18-ое февраля 1904 г.
Мы ѣдемъ весело и удобно. Всѣ ѣдутъ за однимъ дѣломъ; всѣ военные совершенно покойно настроены; нѣтъ никакого разговора о возможныхъ опасностяхъ, всѣ даже веселы, и большинство рвется на войну.
По мѣрѣ приближенія въ Сибири, становится все теплѣе. На станціяхъ я выхожу иногда въ одной тужуркѣ, въ башлыкѣ и папахѣ. Сейчасъ здѣсь, въ Челябинскѣ, 9° мороза, воздухъ чудный, дорога прекрасная, солнце свѣтитъ, и лошадка летѣла стрѣлой. Интересно было посмотрѣть этотъ маленькій городокъ, въ которомъ однако все можно найти.

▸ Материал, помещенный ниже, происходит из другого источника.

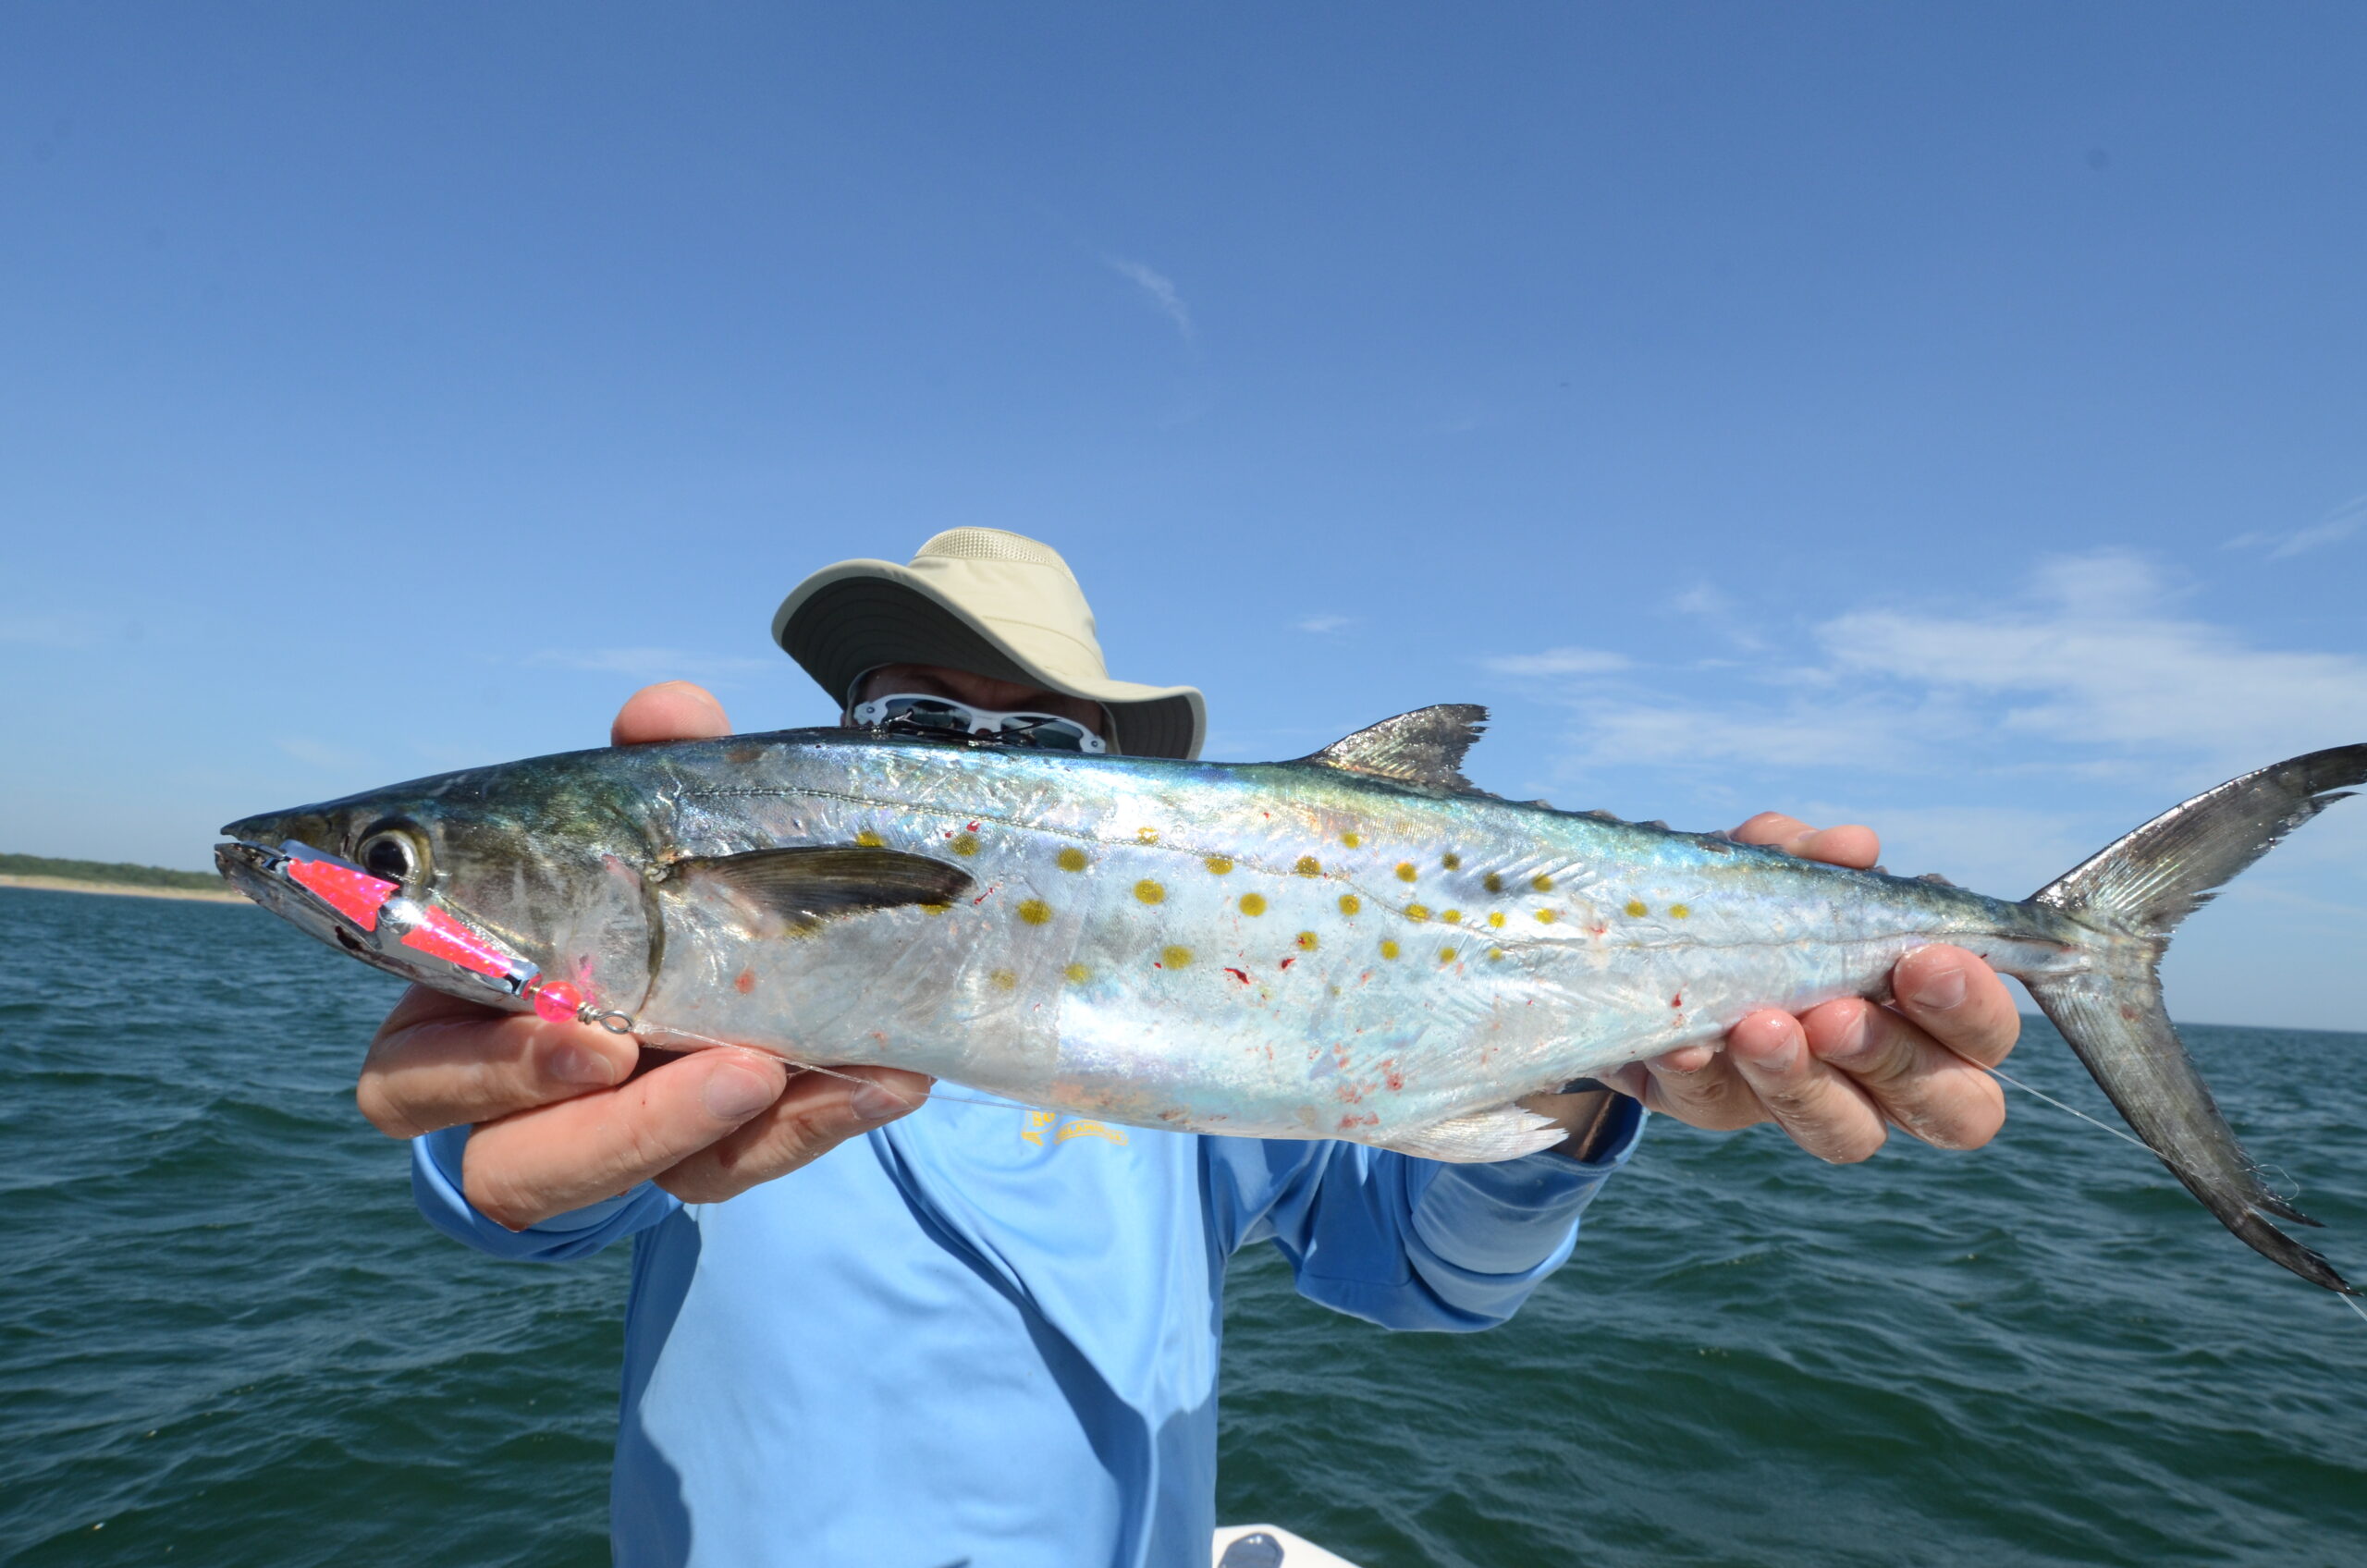 The best lures for Spanish mackerel are shiny and tough.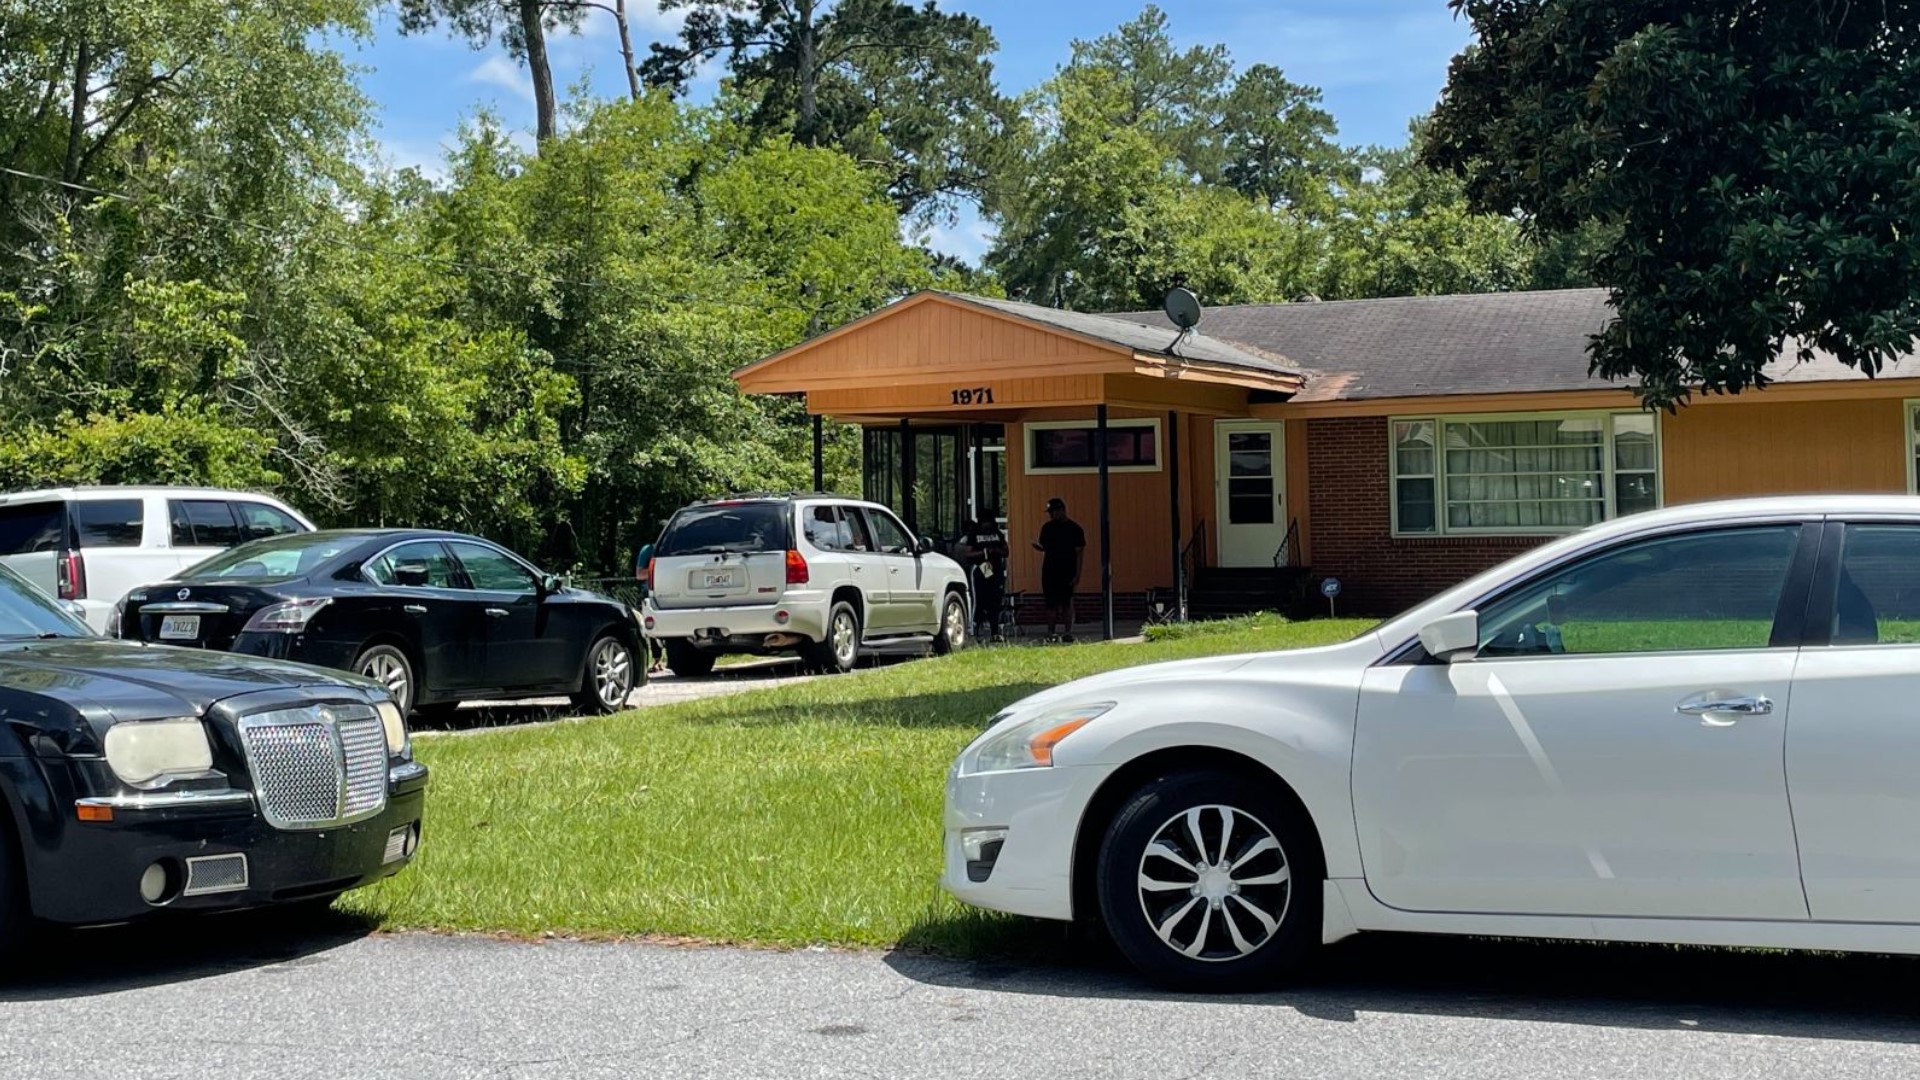 The Bibb County Sheriff’s Office is investigating a shooting that left a woman dead Monday afternoon.

Преобладающее ощущеніе -- будто со старой жизнью у меня все порвано, и я началъ новую; будто все, что было, осталось въ прошломъ, или было только сномъ, -- что нѣтъ у меня ни семьи, ни "Общины", ни старыхъ друзей, и что предстоитъ что-та новое, невѣдомое. Конечно, это чувство объясняется только полной отрѣзанностью отъ васъ, отсутствіемъ всякихъ о васъ извѣстій -- и несомнѣнно только временное; но не одинъ я испытываю его, а также и капитанъ К., оставившій. жену и пять человѣкъ дѣтей, причемъ младшему годъ съ небольшимъ. Первые дни онъ очень грустилъ, особенно по утрамъ, а добрѣйшій капитанъ Л., холостякъ, помѣщающійся въ одномъ съ нимъ купэ, участливо спрашивалъ его:
-- Чѣмъ бы мнѣ развлечь васъ, голубчикъ?
Генералъ Р. обѣдаетъ за нашимъ "красно-крестнымъ" столомъ и ко всѣмъ намъ относится удивительно мило. Ложась раньше всѣхъ, онъ первый и встаетъ, и, зная, что предоставленные себѣ, мы рискуемъ проспать даже обѣдъ, будитъ насъ, предупреждая о большихъ станціяхъ.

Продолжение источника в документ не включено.